◆ Task directions
Each line below should be repeated exactly as written, with no pictures carried over.

──────── Data extract ────────

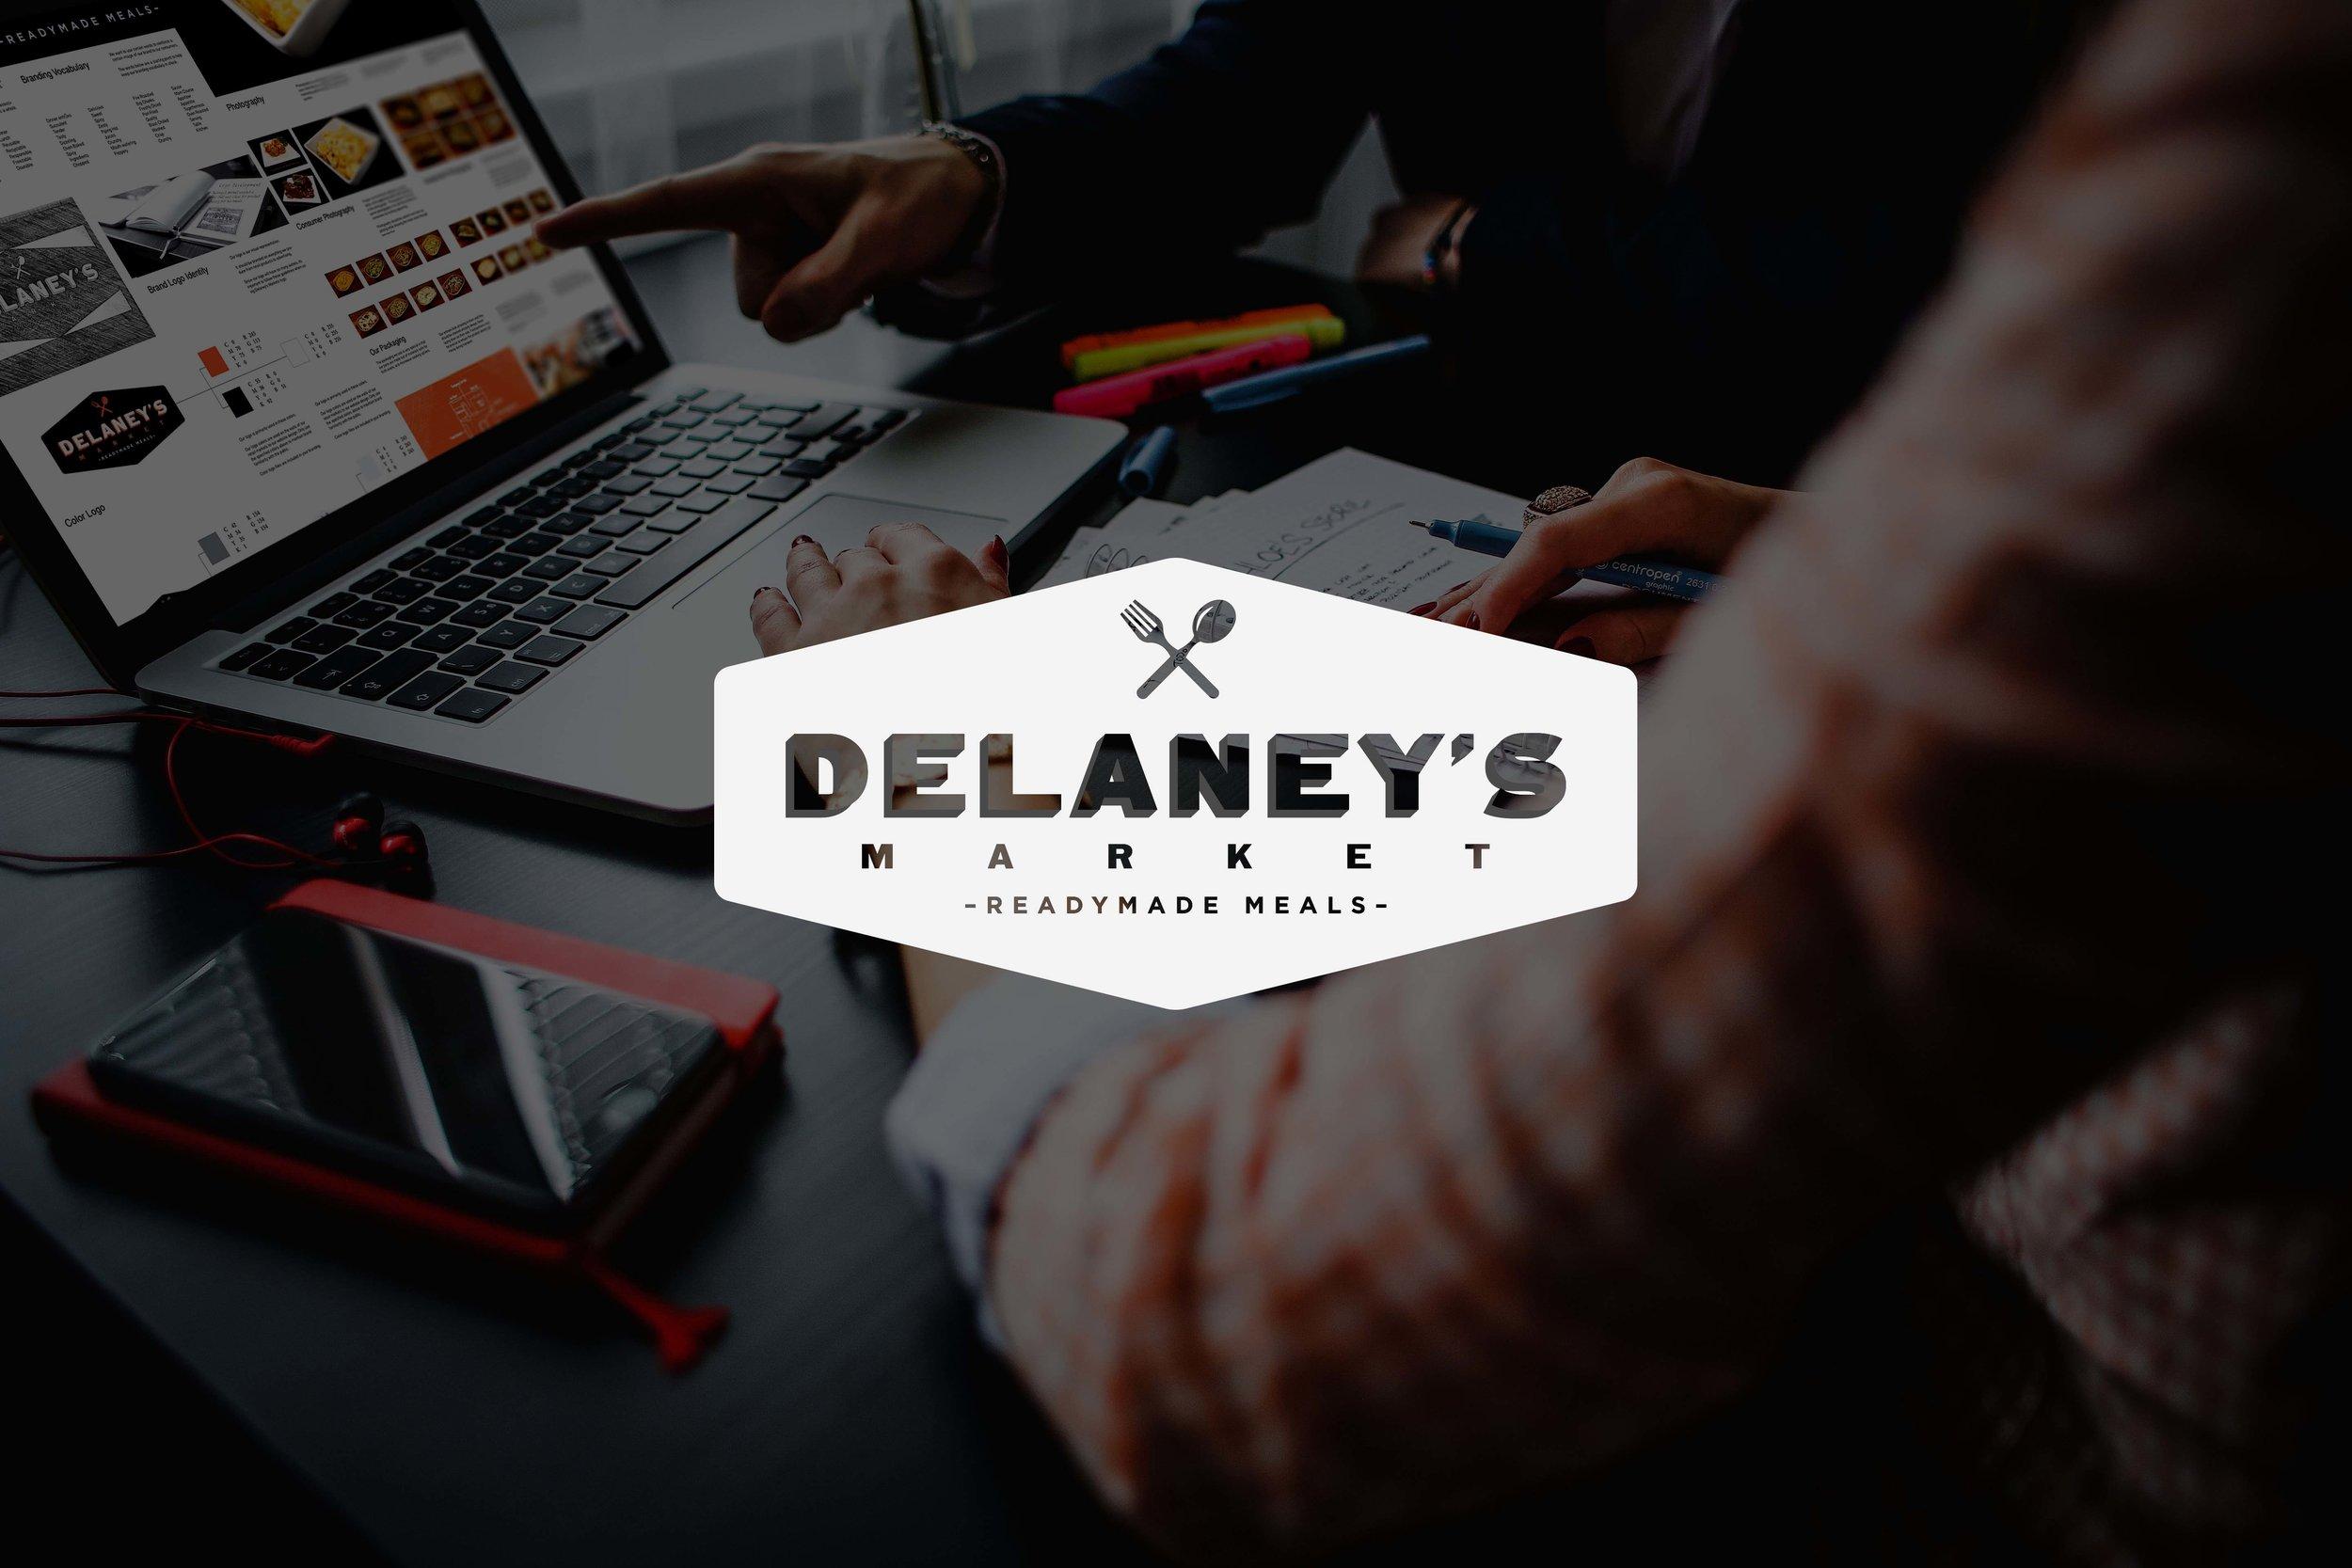 Delaney's Market: Food&Bev Retailer / MA - USA Retail Branding /Photo & Video Production / Design
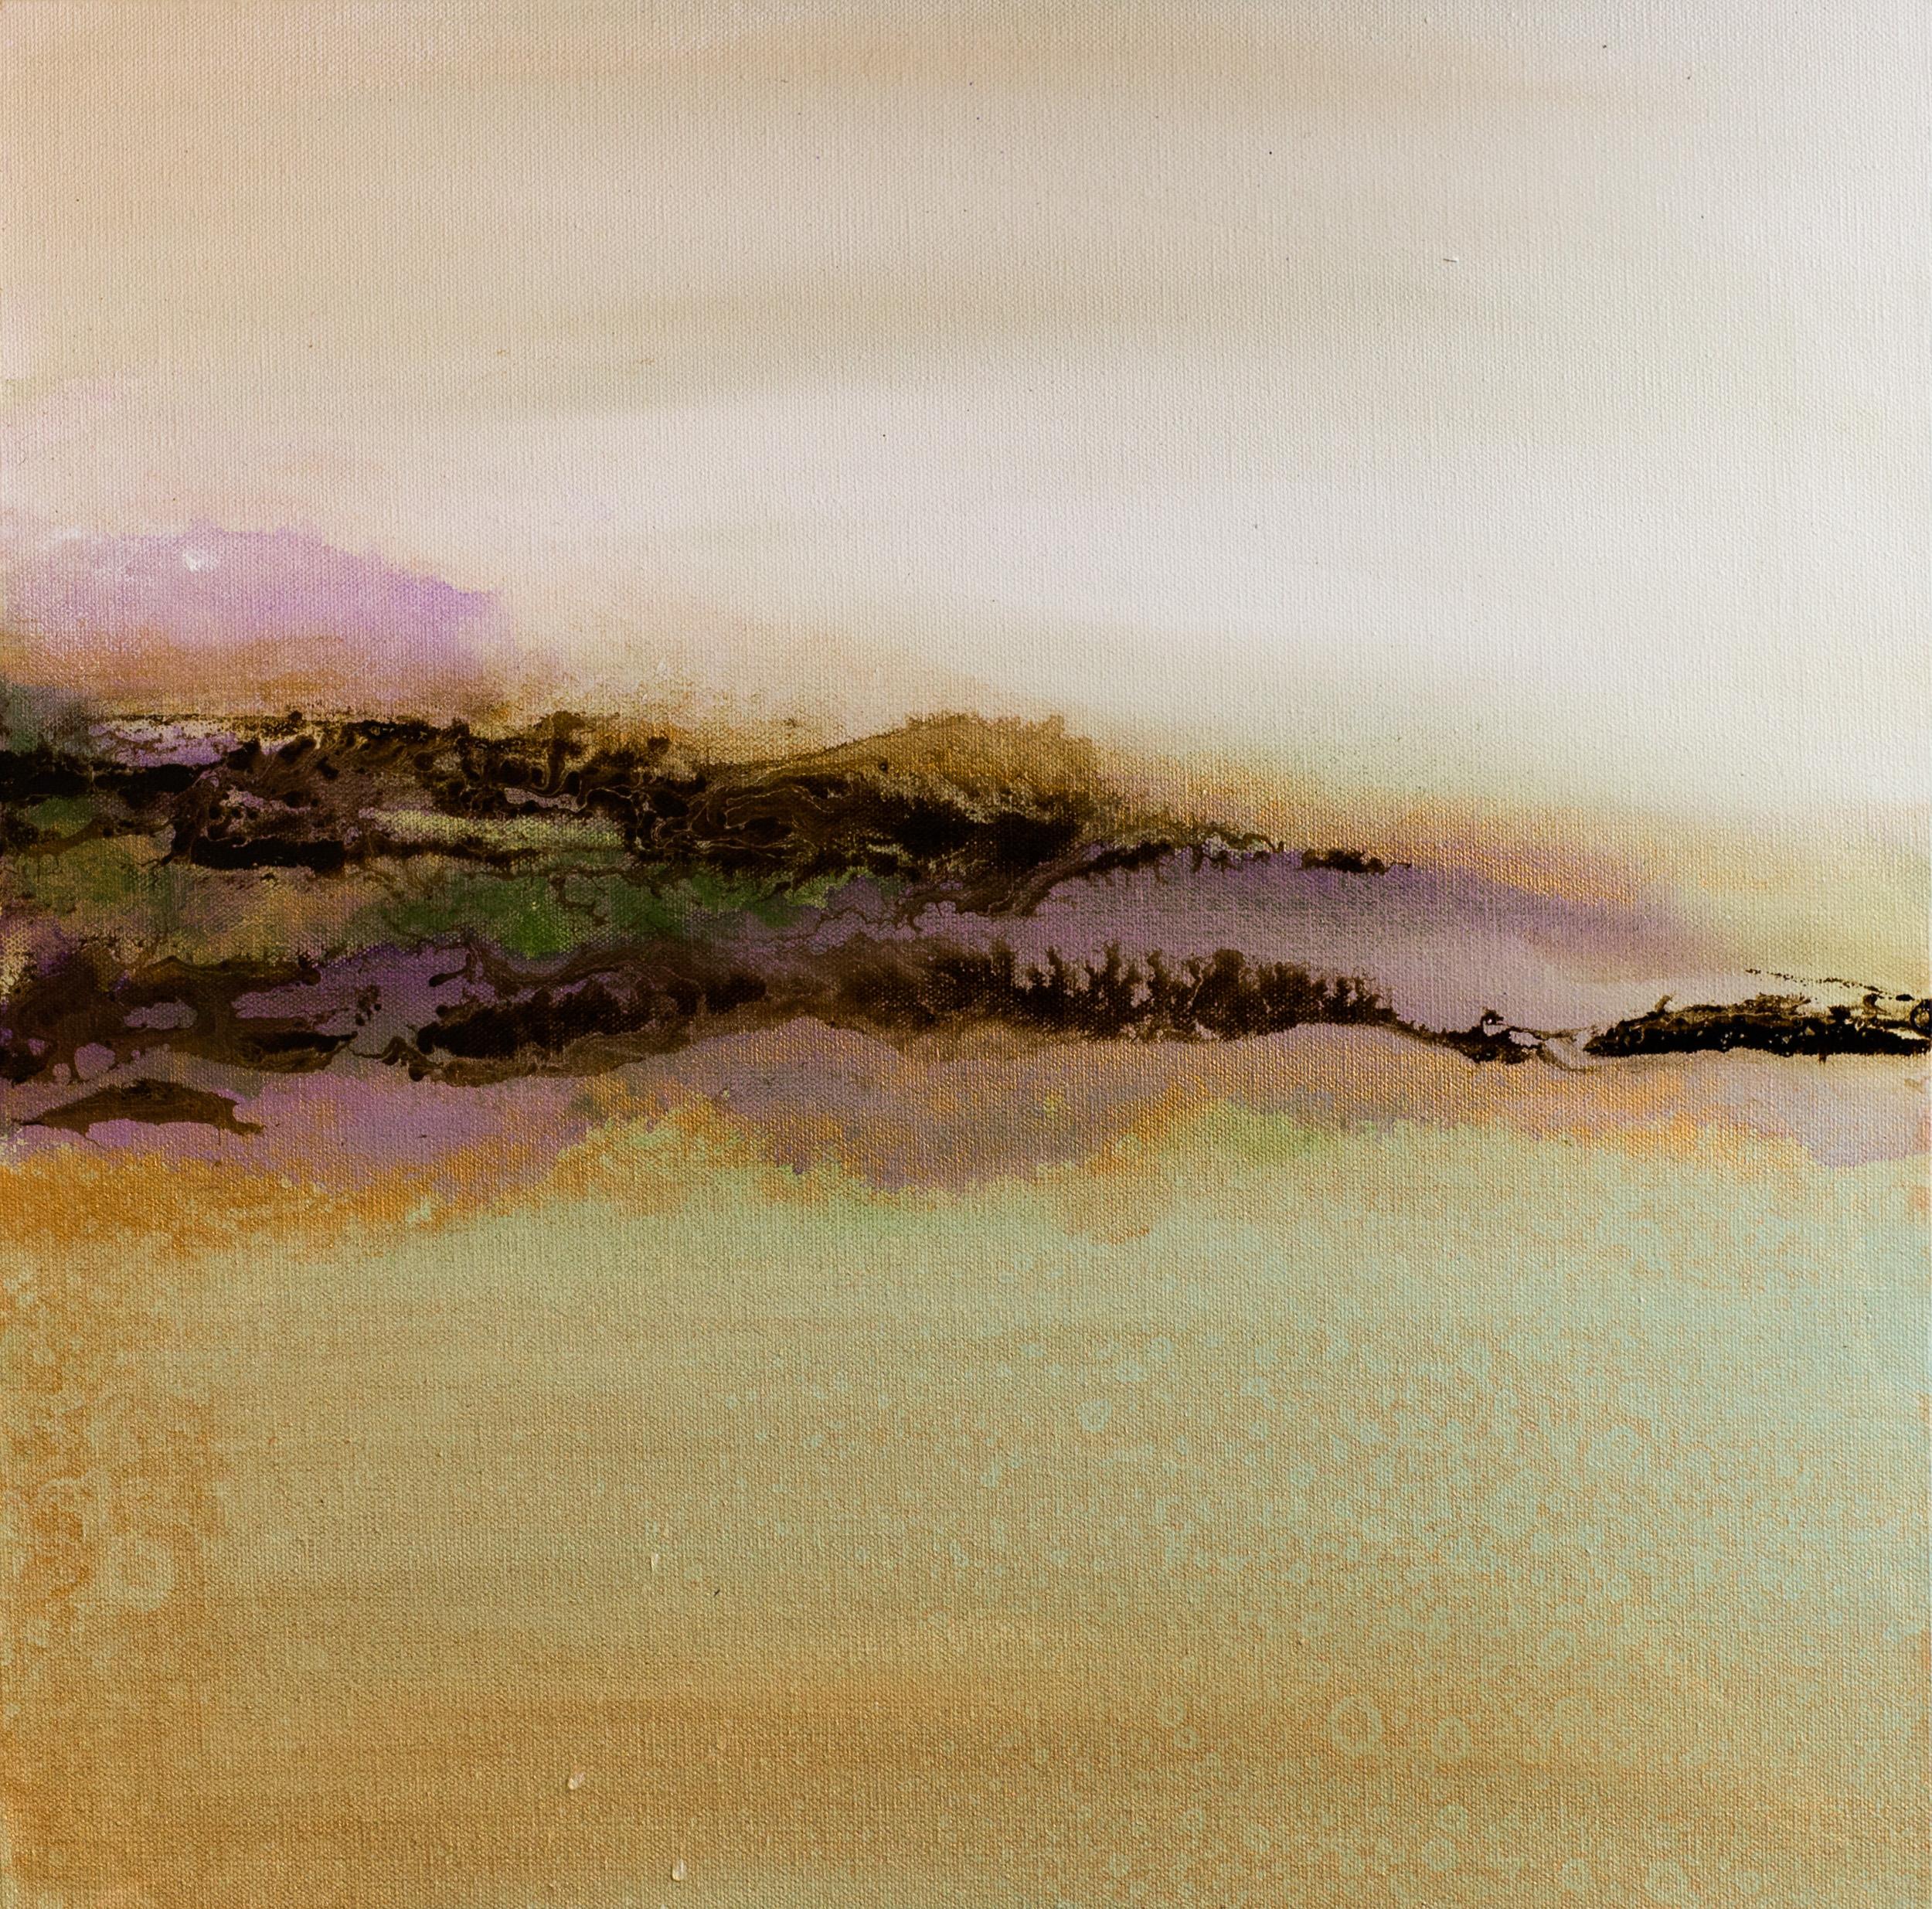 """Lavender Hills"" 20x20"
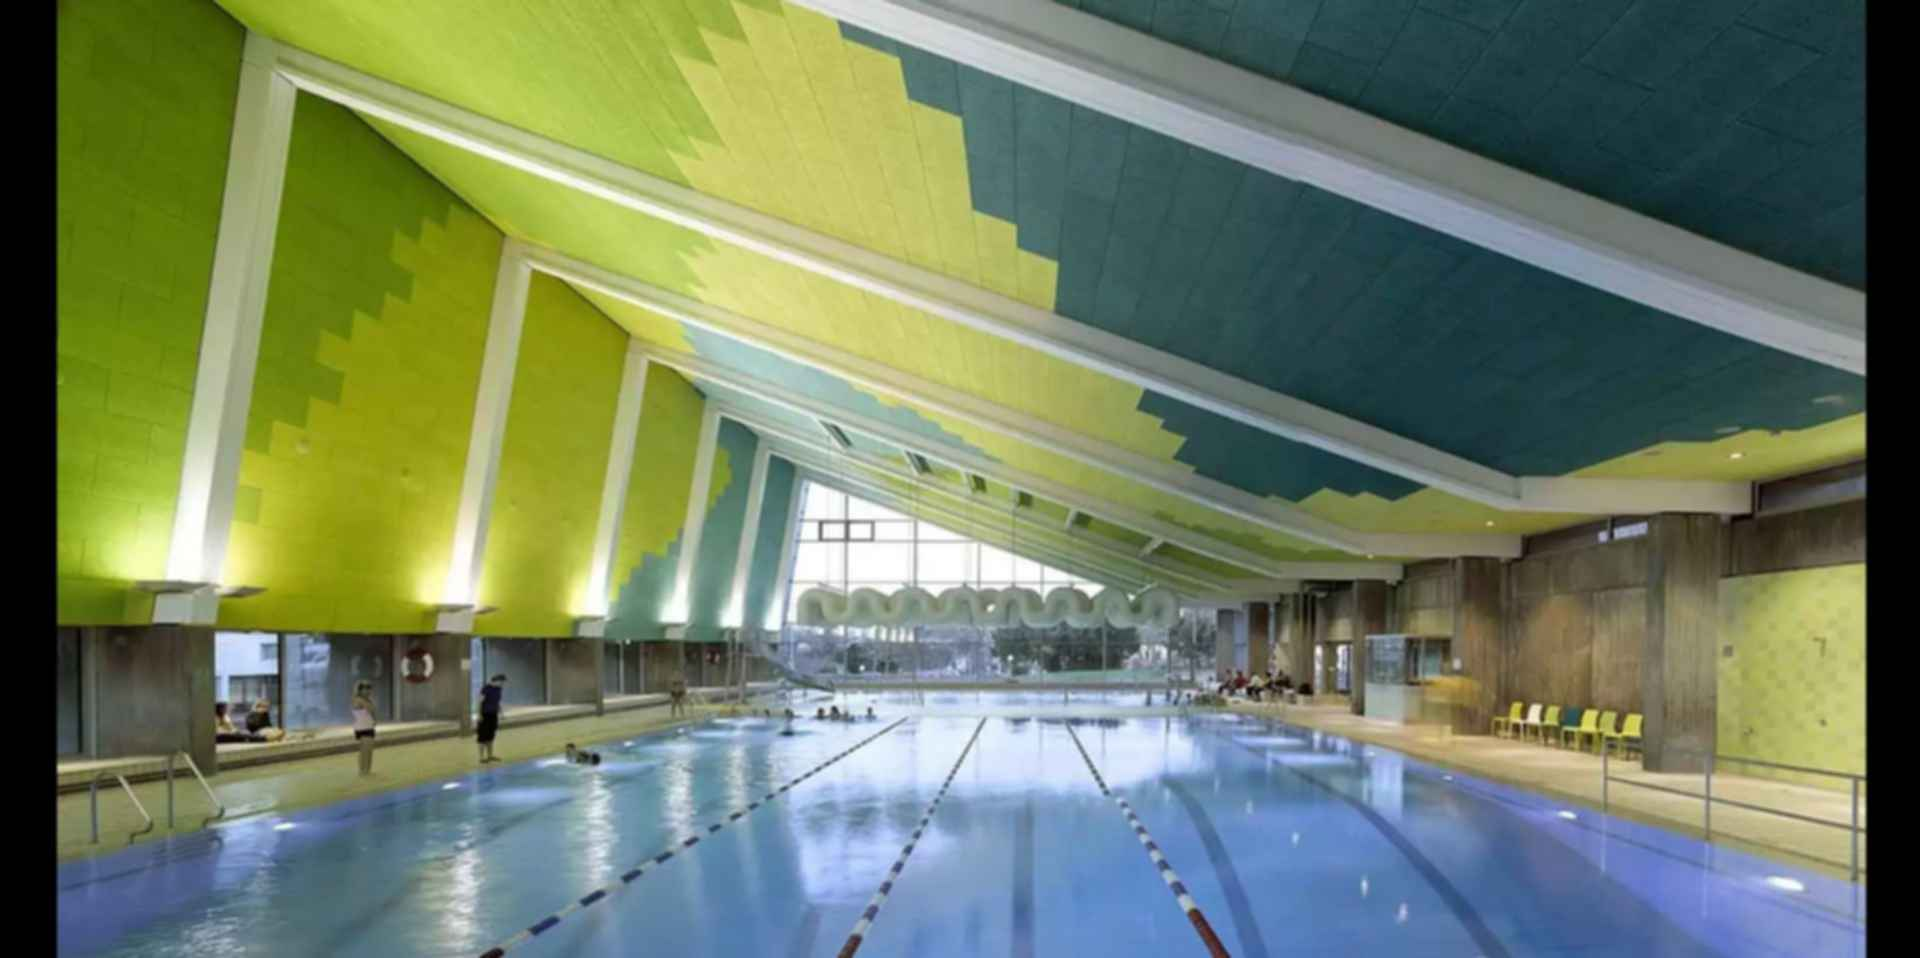 Sports Center in Leonberg - Interior/Swimming Pool

────────

◆ Response area
 Delaney's Market: Food&Bev Retailer / MA - USA Retail Branding /Photo & Video Production / Design
 """Lavender Hills"" 20x20"
 Sports Center in Leonberg - Interior/Swimming Pool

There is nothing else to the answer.